ACTION ITEM:
An exact reprint of the listing is required, with no pictures included.

INPUT DATA:
________

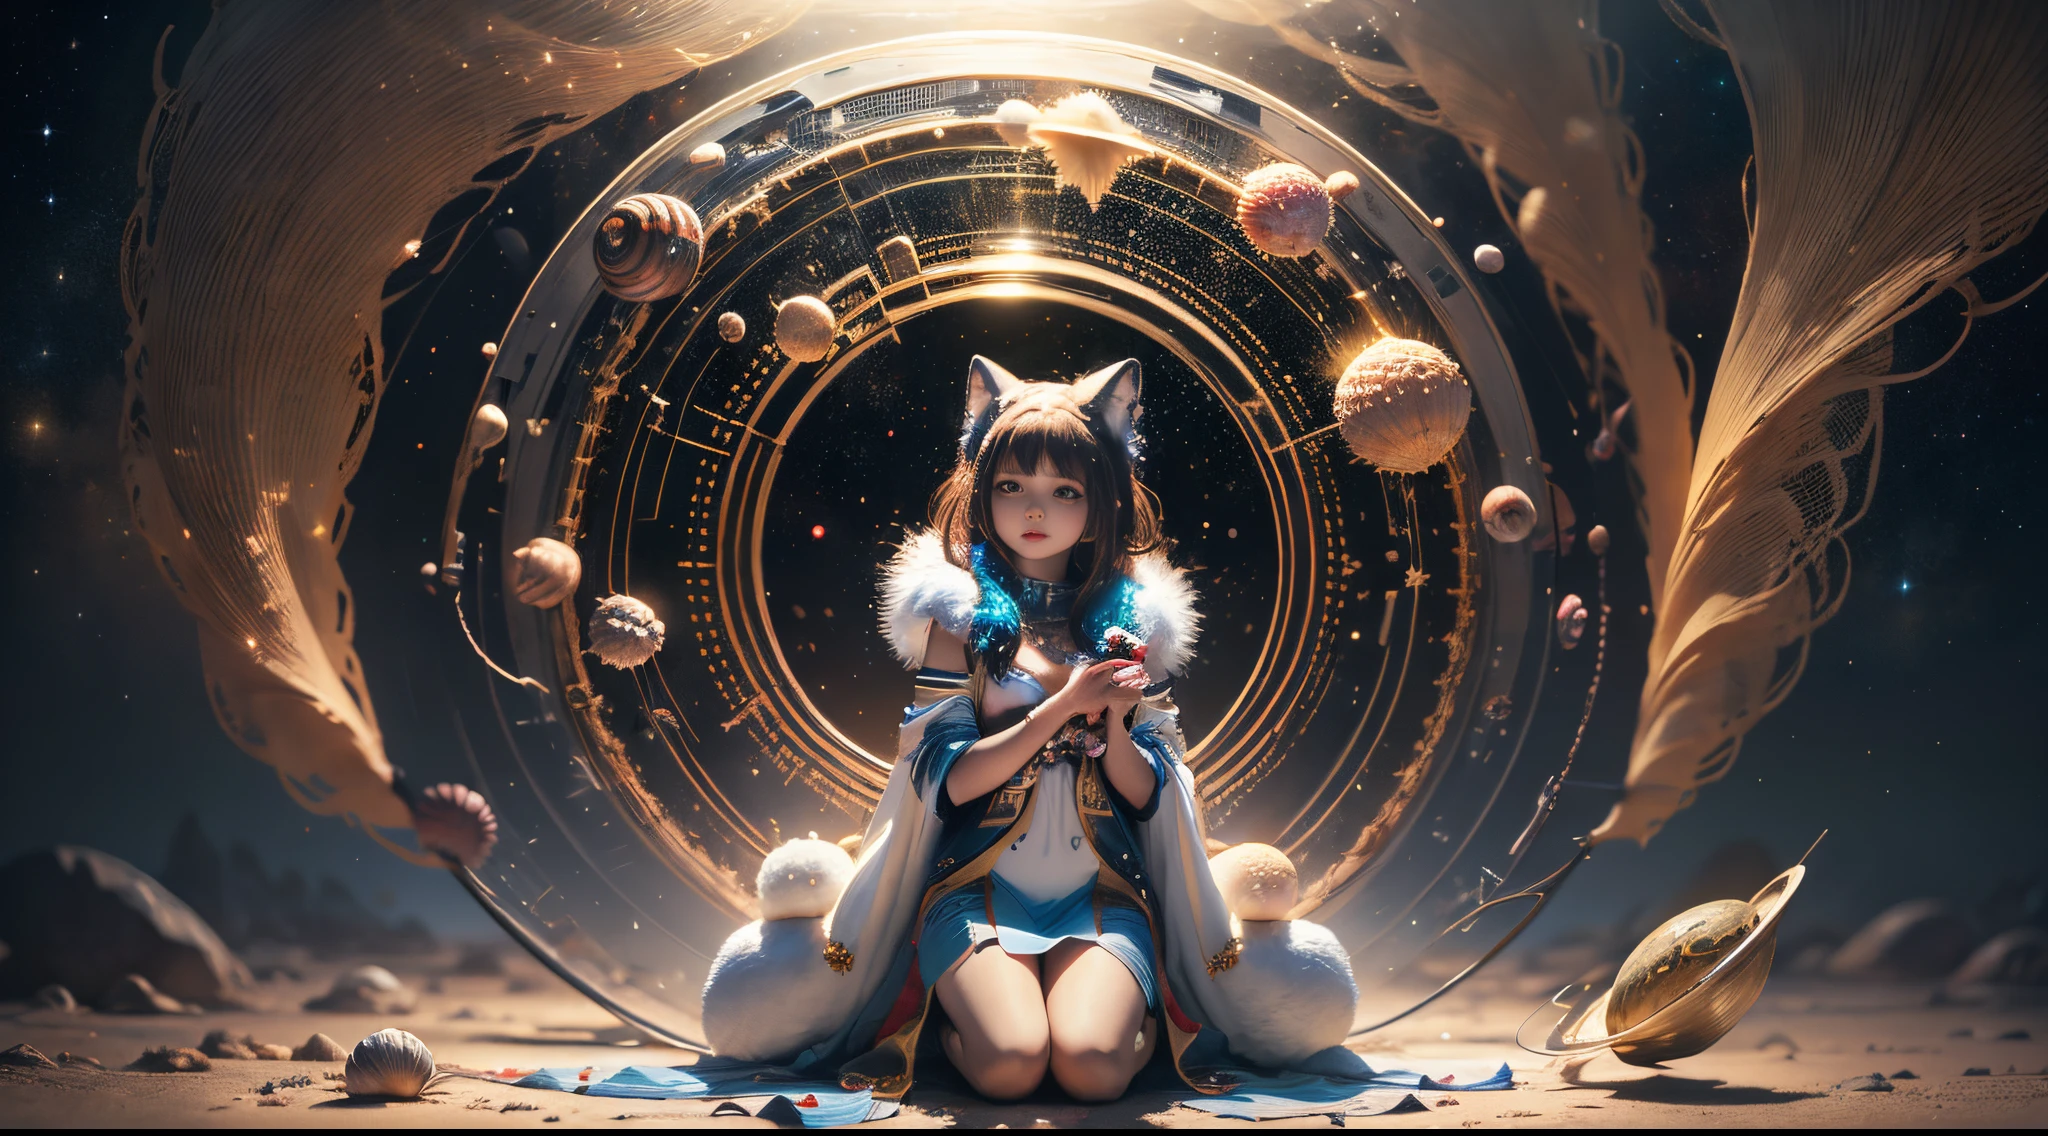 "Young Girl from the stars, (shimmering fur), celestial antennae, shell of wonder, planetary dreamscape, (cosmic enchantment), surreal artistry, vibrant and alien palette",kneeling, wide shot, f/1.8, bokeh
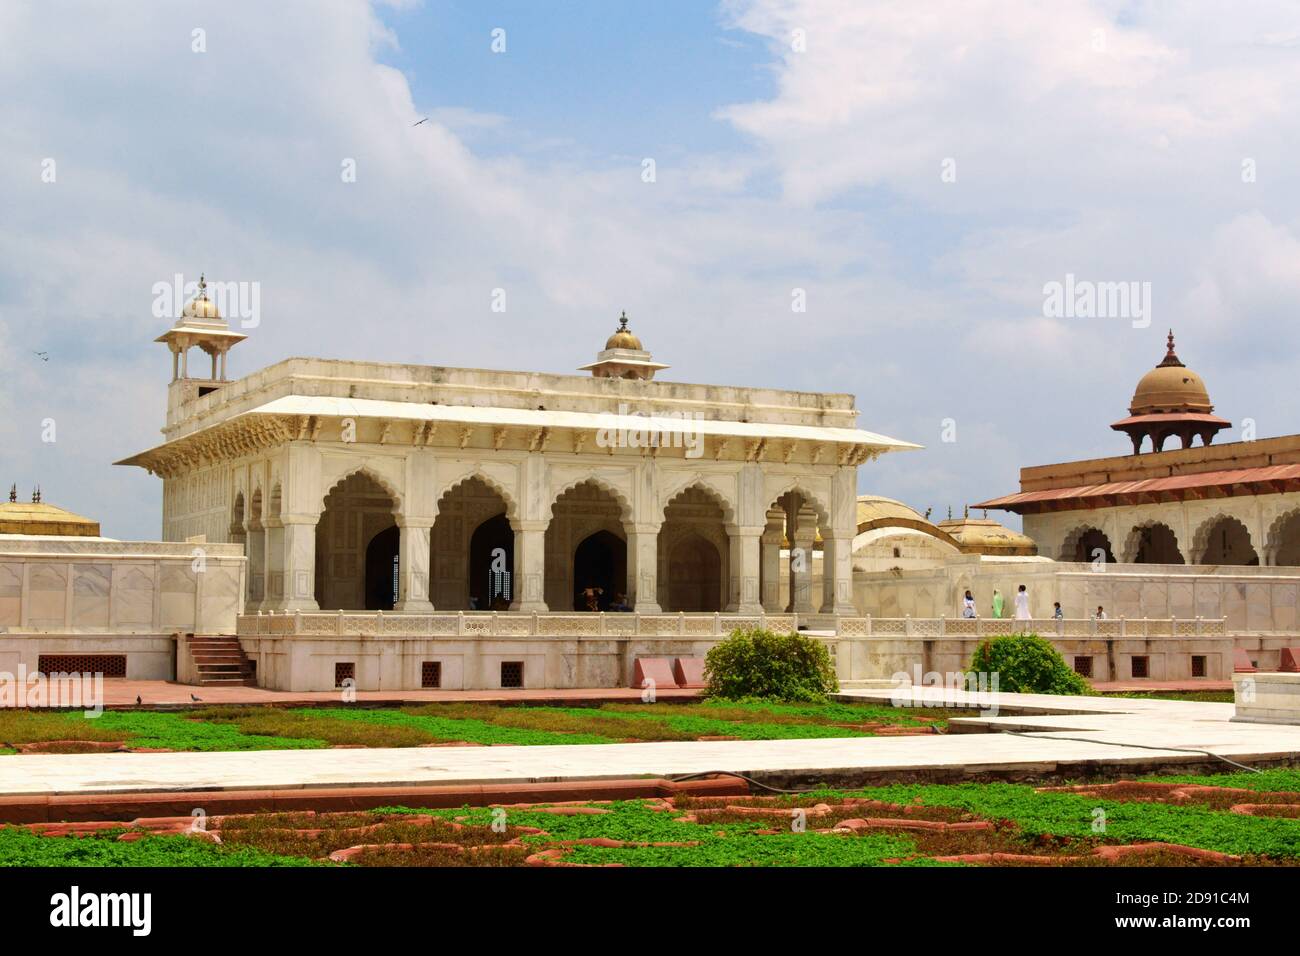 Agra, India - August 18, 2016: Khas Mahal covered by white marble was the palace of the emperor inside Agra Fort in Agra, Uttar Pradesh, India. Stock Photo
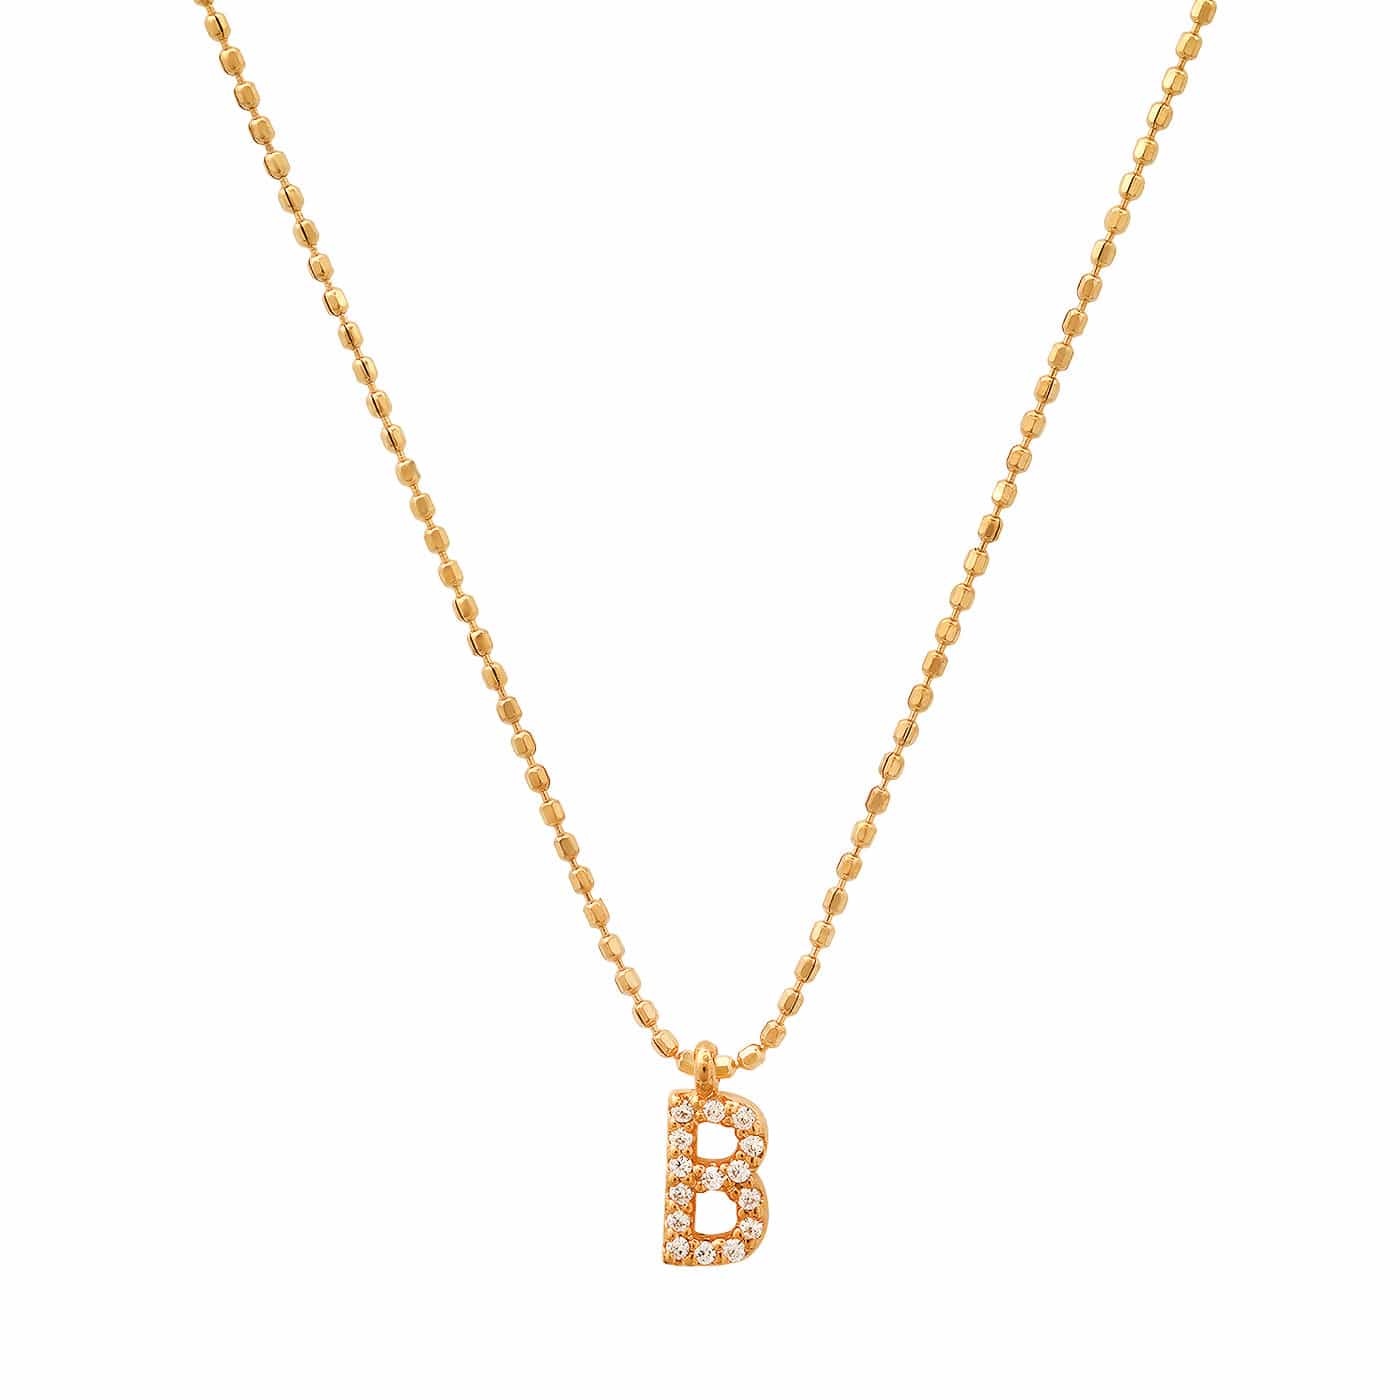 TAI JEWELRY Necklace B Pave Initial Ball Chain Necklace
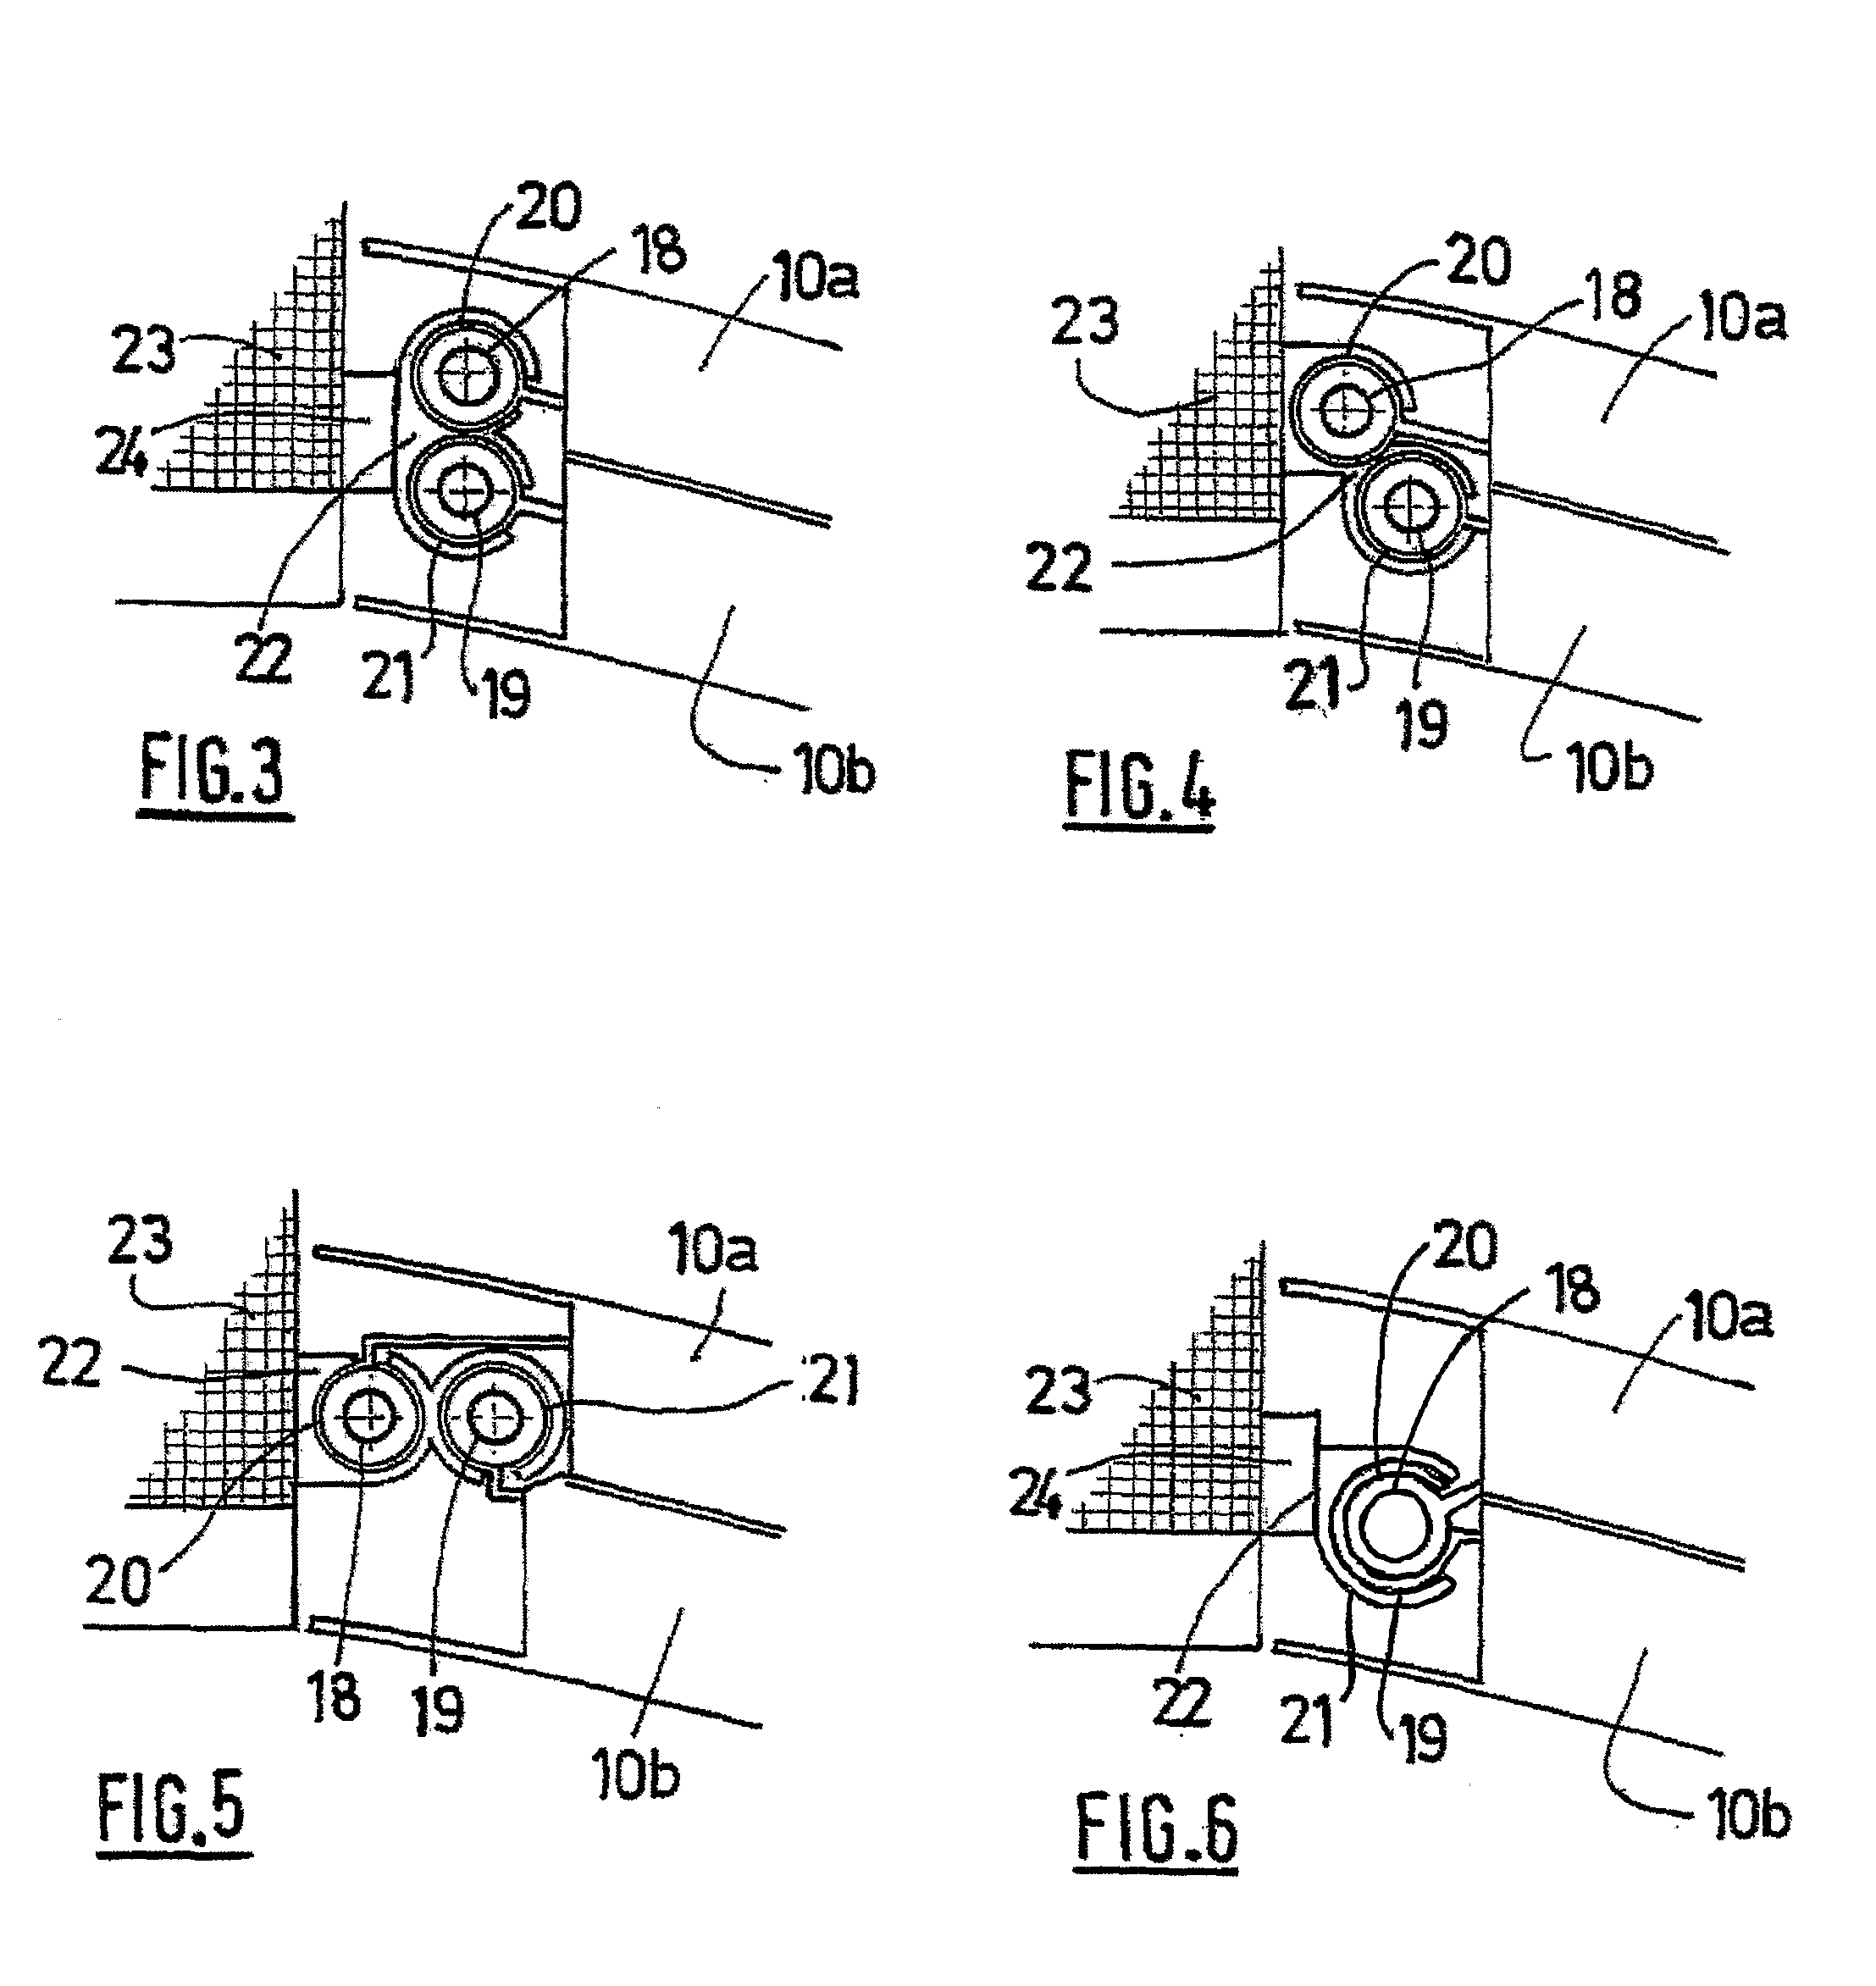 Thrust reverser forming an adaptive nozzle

________

SOLVED PROBLEM:
 "Young Girl from the stars, (shimmering fur), celestial antennae, shell of wonder, planetary dreamscape, (cosmic enchantment), surreal artistry, vibrant and alien palette",kneeling, wide shot, f/1.8, bokeh
 Agra, India - August 18, 2016: Khas Mahal covered by white marble was the palace of the emperor inside Agra Fort in Agra, Uttar Pradesh, India. Stock Photo
 TAI JEWELRY Necklace B Pave Initial Ball Chain Necklace
 Thrust reverser forming an adaptive nozzle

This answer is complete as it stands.